Respect for your mother-in-law

United States
September 29, 2010 1:59am CST
Even though I posted this discussion under "Wife"... men are welcome to comment as well at your own discretion. I have struggled with this for quite some time now... but I realized that there is no running away from the fact that I can't stand my mother-in-law. I respect her to a certain extent... when she respects me. But, I have never really been fond of her even before my husband and I became married. When we were just friends, she liked me and was nice to me. After my husband and I started dating, I noticed the immediate change. I have caught her talking about me behind my back to people on the phone. I catch evil looks from her on a regular basis. I have been disrespected by her and here recently was in a VERY bad argument with her that left me not wanting any dealings with her. PERIOD. I do wish that I had a mother-in-law that I actually liked and got along with... but I now see that that will never happen with her and I've grown to accept it. My husband's mother... is the first of any guy's mom that I have been... to NOT like me. All the other moms adored me... so this experience has been quite different and definitely trying. Do you have respect for your mother-in-law?? Whether it be your wife or your husband's mother?? Do you both get along?? Or is it just a front to keep the peace with your husband and his family??
3 responses
• United States
29 Sep 10
I cannot stand my mother-in-law and I do not respect her. She's a dreadful person and I want nothing to do with her, or any of his family for that matter. I have not seen or spoken to any of my in-laws in over 4 years and I fully intend to keep it that way. They're terrible toxic people and I refuse to have that in my life.
• United States
29 Sep 10
Lol your thoughts sound similar to mine. I feel that my mother-in-law is dreadful, too and if I didn't have to see her/speak to her/or interact with her for the rest of my life, that would still be too soon!! That's exactly how I feel.
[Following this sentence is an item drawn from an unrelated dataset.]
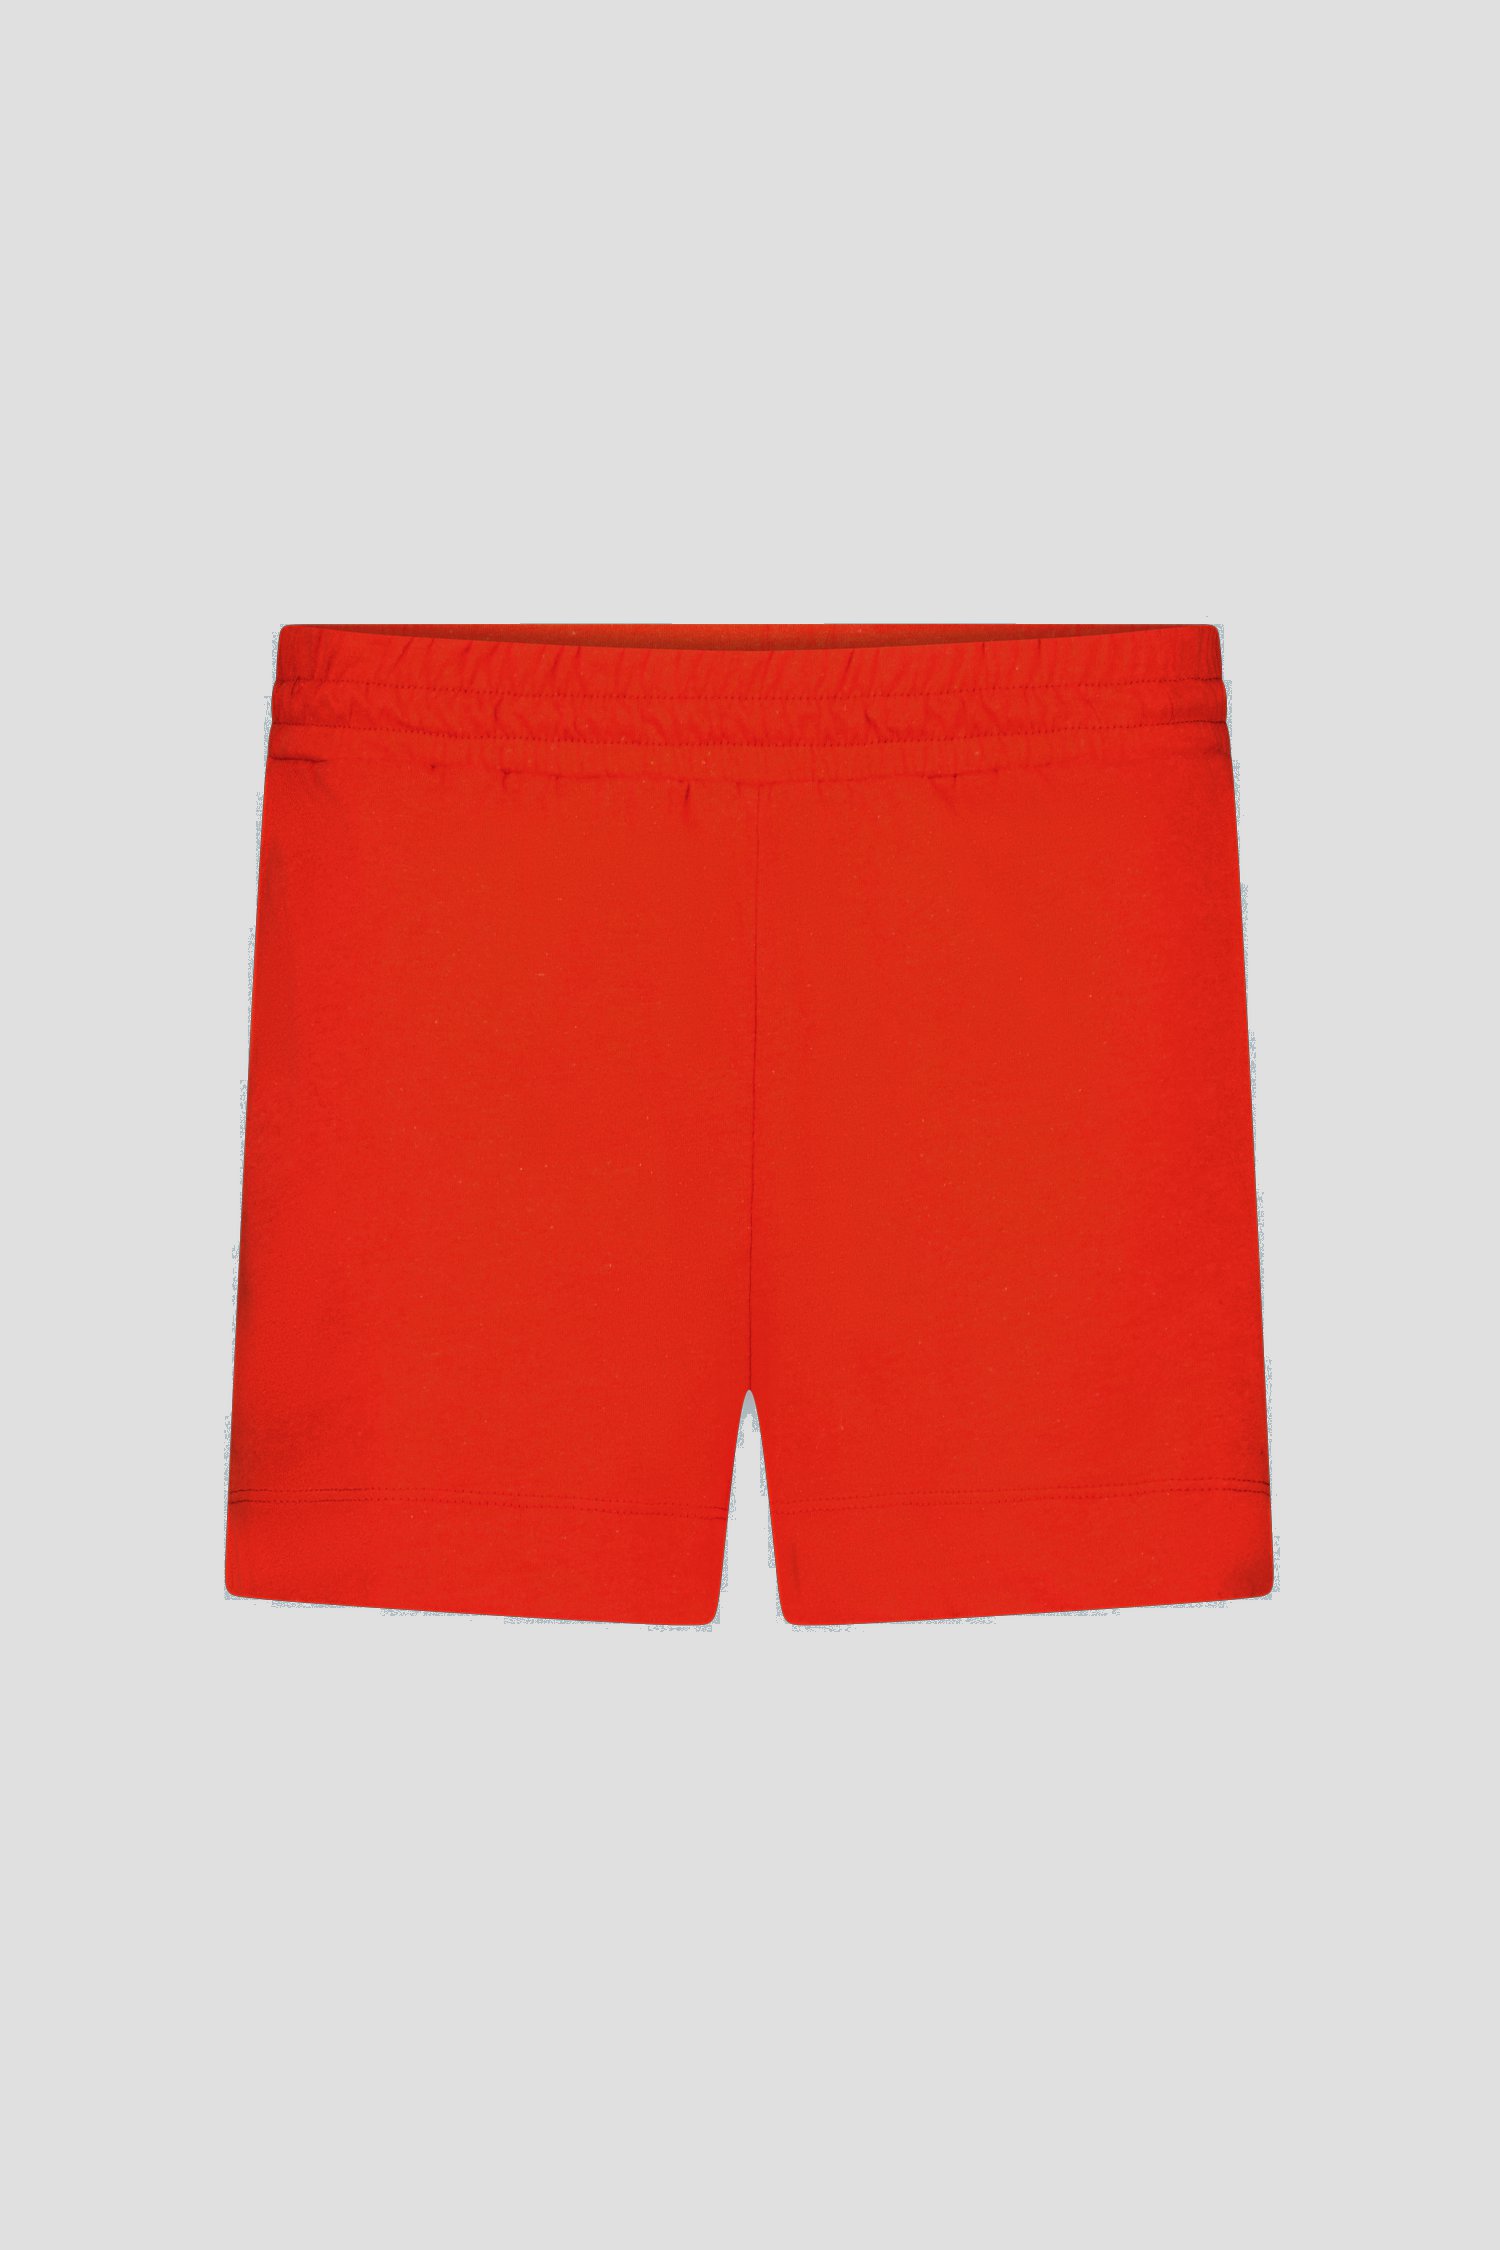 Korte short in oranje-rood van Liberty Island voor Dames

And, I hope to enact exactly what you are doing someday very soon. Thanks for sharing your views!!
• United States
29 Sep 10
She started showing her true colours right around the time we got engaged and I told him right then and there that he could do whatever he wanted with them, but I wanted nothing to do with them ever again. I gave him the choice, if he couldn't handle that, then he could find someone who would get along better with his family, but I absolutely refused. Their behaviour up until then, and even now since then, has been completely unforgivable and completely intolerable.
• United States
29 Sep 10
I can definitely understand where you're coming from. Your husband did love you enough to work things out so that it worked for everyone and that is a true blessing.
@rastogisw (445)
• India
5 Oct 10
I respect for my mother-in-law and I do care for her but when we live together means with in-laws then it becomes difficult to be happy with them ...as they always in a mood to rectifying the things or always interrupt in work ...that I really dont like but when we live far apart and meet on week ends then it is nice .
• United States
5 Oct 10
I can understand that. In that type of situation and in certain instances, distance does make things better!! Thanks for commenting!!
@dorannmwin (36392)
• United States
2 Oct 10
I have a lot of respect for my mother-in-law. First off, I have respect for her because of the fact that she is my husband's mother. If it wasn't for her, then my husband would not be the man that he is today. In addition to that, I also have respect for her because she hasn't really had an easy life. I don't think that there will ever be a time that I will be able to say that I love her, but I will always be able to say that I respect her.
• United States
2 Oct 10
Respect is a strong issue in ANY relationship. I think you are blessed to have that mutual respect between you and your mother-in-law. Thanks for sharing!!